Ситуация мужа перед гробом жены повторится и в стихотворении Я. П. Полонского "Безумие горя" (1860), посвященном памяти Е. В. Устюжской, умершей в возрасте двадцати лет. Поэт передает в нем непосредственное состояние "безумия горя", безыскусную реакцию на смерть горячо любимой жены. Отметим гипертрофированный характер лирической субъективности, напоминающий балладный колорит стихотворения А. Григорьева. Неслучайно со смертью возлюбленной весь мир рисуется лирическому герою как "громадно-пышный гроб" с прилаженным к нему солнечным диском в виде "роскошно золоченной бляхи" и с небом, напоминающим саван. Гротескное изображение уподобляет божий мир "кладбищу, покрытому обломками светил", т. е. могилами. И все потому, что этот мир навсегда оставлен возлюбленной героя - "душой души моей".

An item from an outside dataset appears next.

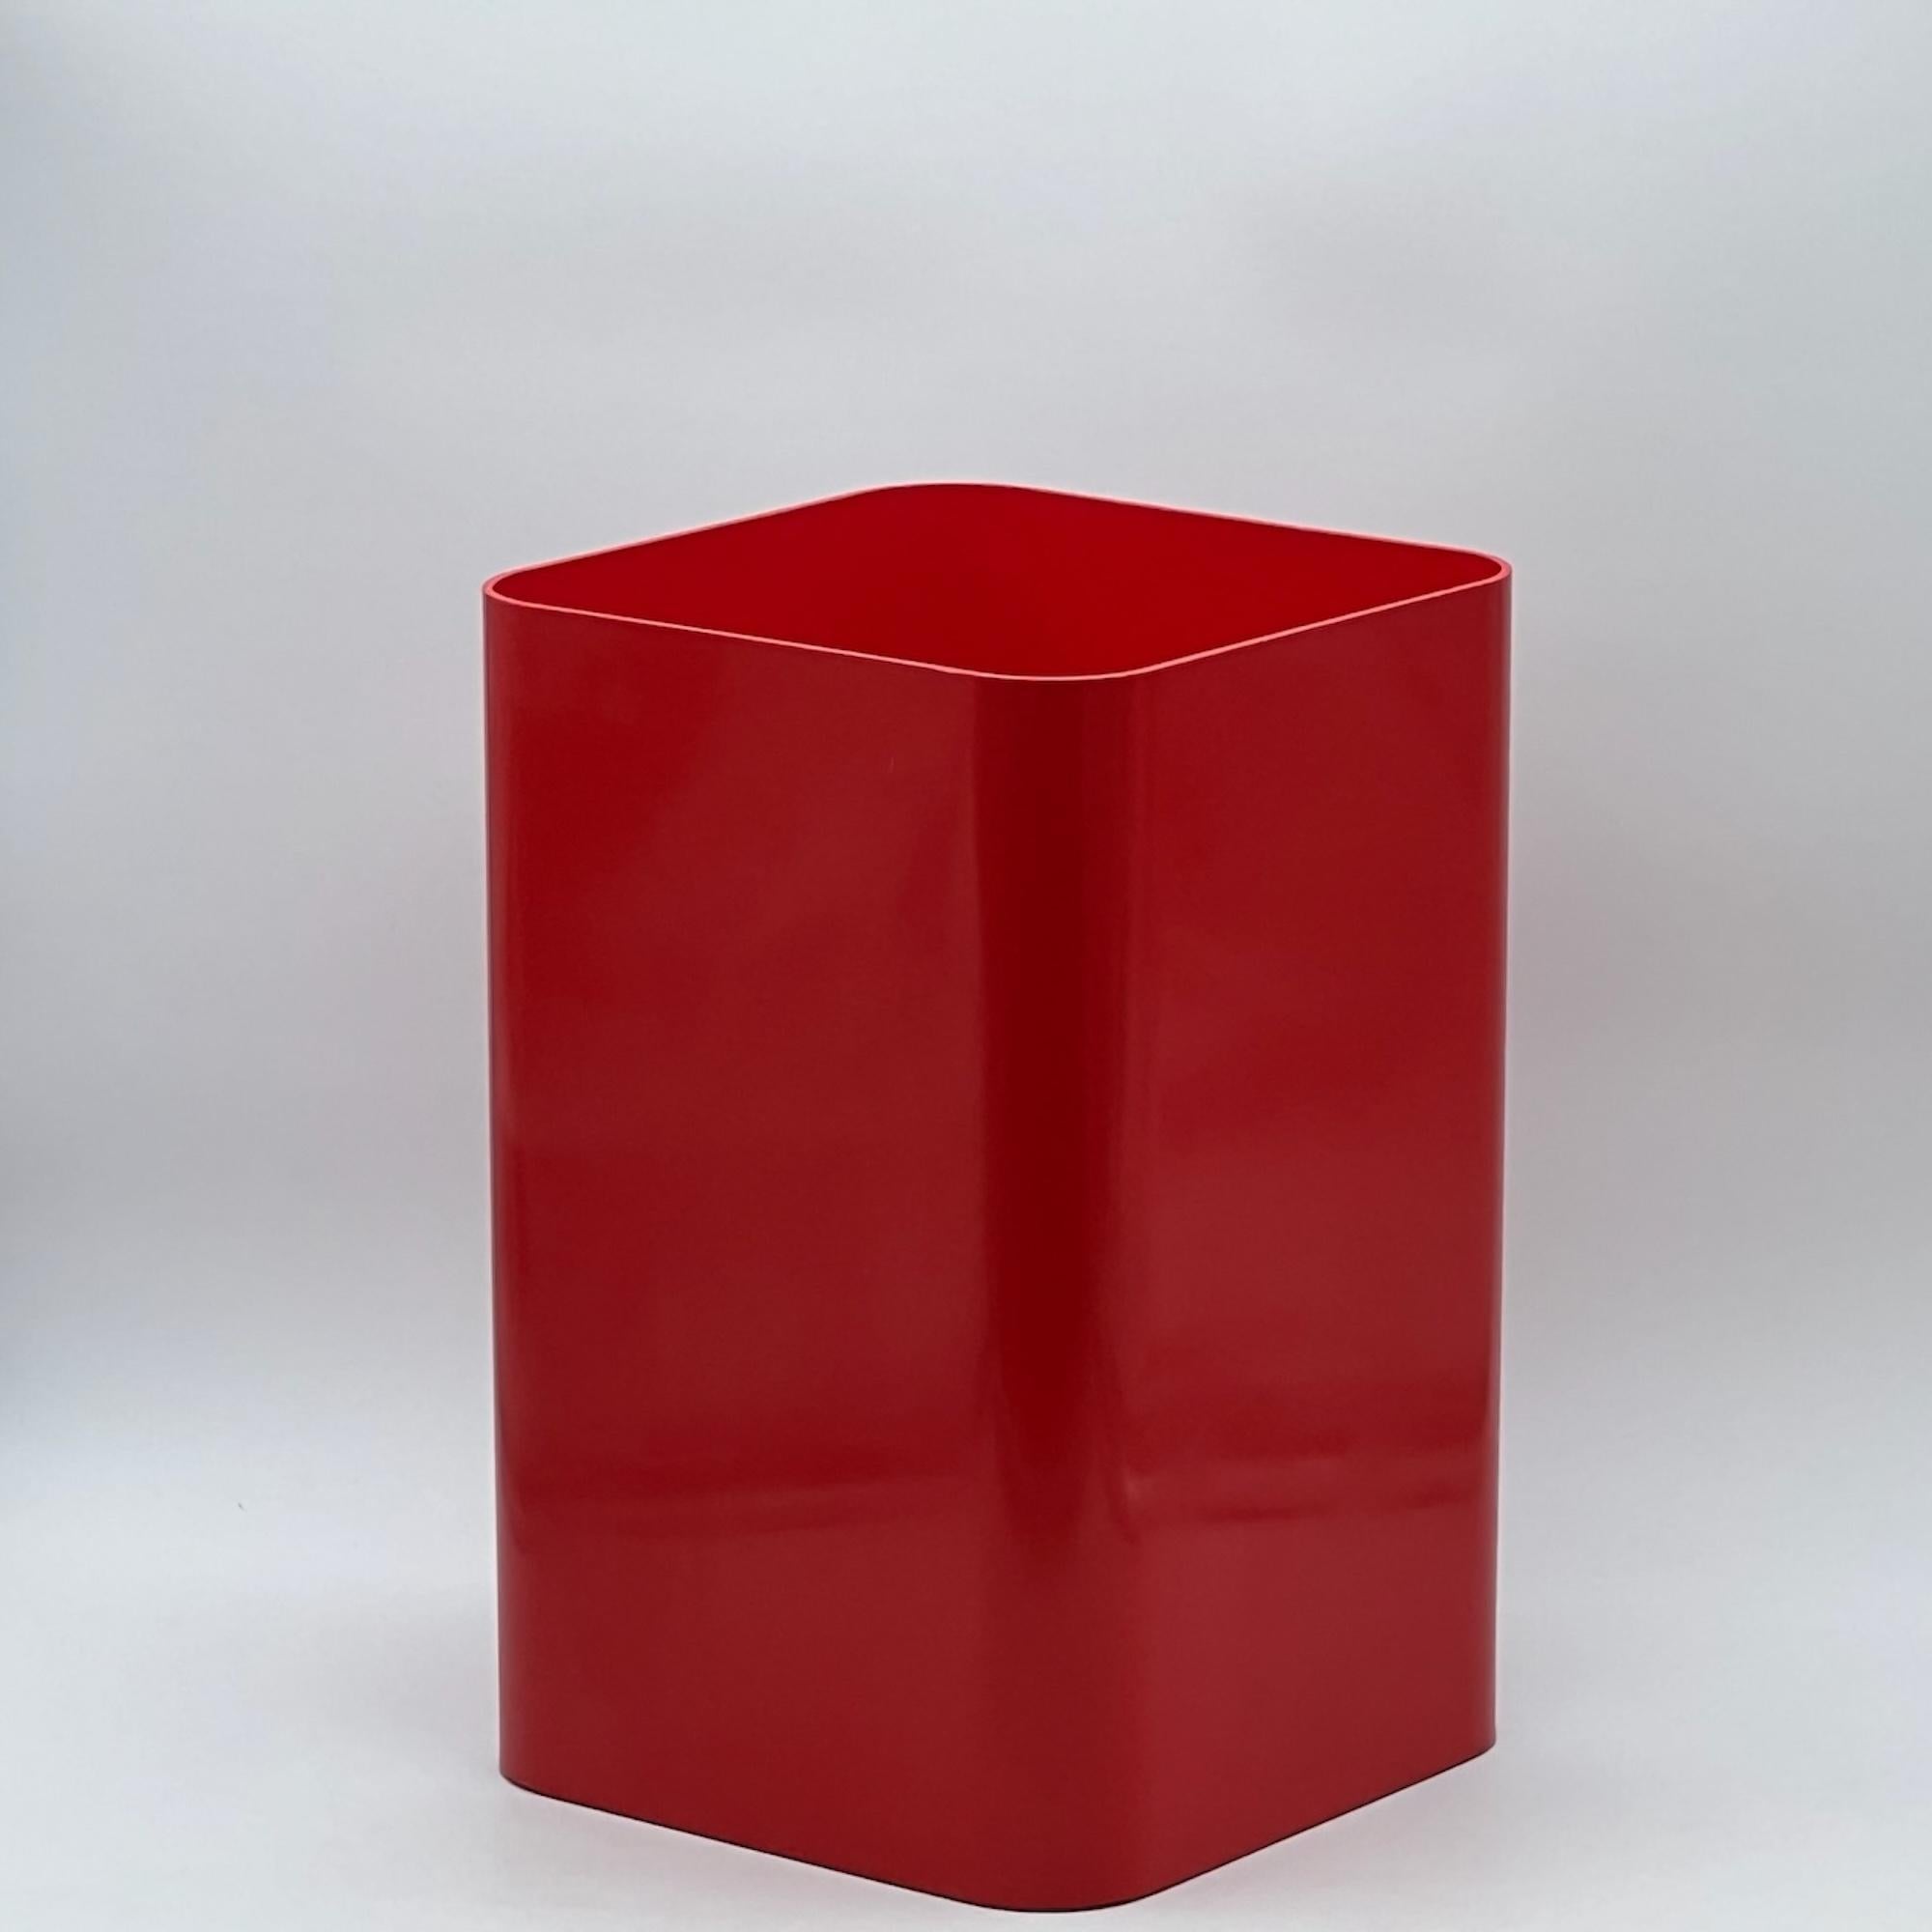 Industrial Kartell 4672: Iconic 70s Paper Basket by Ufficio Tecnico-Vibrant Red Glossy 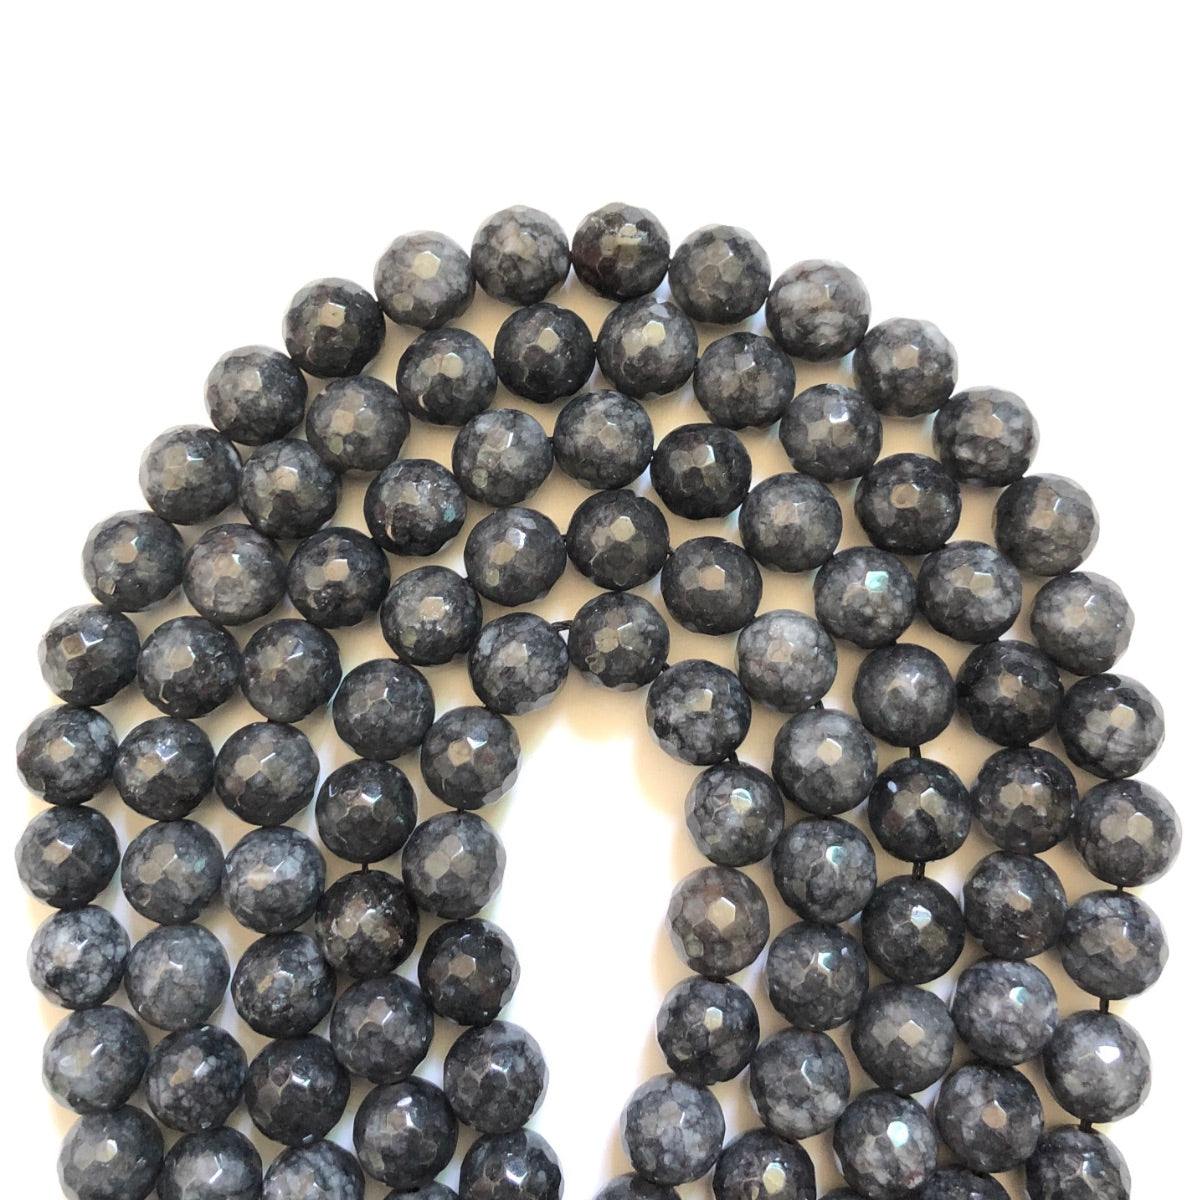 2 Strands/lot 12mm Dark Gray Faceted Jade Stone Beads Stone Beads 12mm Stone Beads Faceted Jade Beads New Beads Arrivals Charms Beads Beyond

Цикл стихотворений Полонского на смерть горячо любимой жены (наряду с "Безумием горя" следует отметить также "Последний вздох" 40 ) перекликается с эпилогом "денисьевского" цикла Тютчева, в котором безраздельно господствует "память сердца" и нагнетается атмосфера высокого и утонченного спиритуализма. Доказательством тому служат стихотворения, посвященные памяти Е. А. Денисьевой: насквозь пронизанные сильнейшими токами сердечной памяти, они обращены к прошлому как духовному эквиваленту "живой жизни". Прошлое - это то единственное, что объединяет лирического героя Тютчева и его умершую возлюбленную, та исключительная ценность, не потерявшая своей силы и в настоящий момент и определяющая весь строй мыслей и чувств проникновенного лирического монолога-исповеди (ср.: "О Господи, дай жгучего страданья / И мертвенность души моей рассей: / Ты взял ее, но муку вспоминанья, / Живую муку мне оставь по ней…") (С. 171). Несомненно, все это сближает стихотворения, посвященные памяти Е. А. Денисьевой, с ценностным кругозором элегии - самого одухотворенного жанра романтической поэзии.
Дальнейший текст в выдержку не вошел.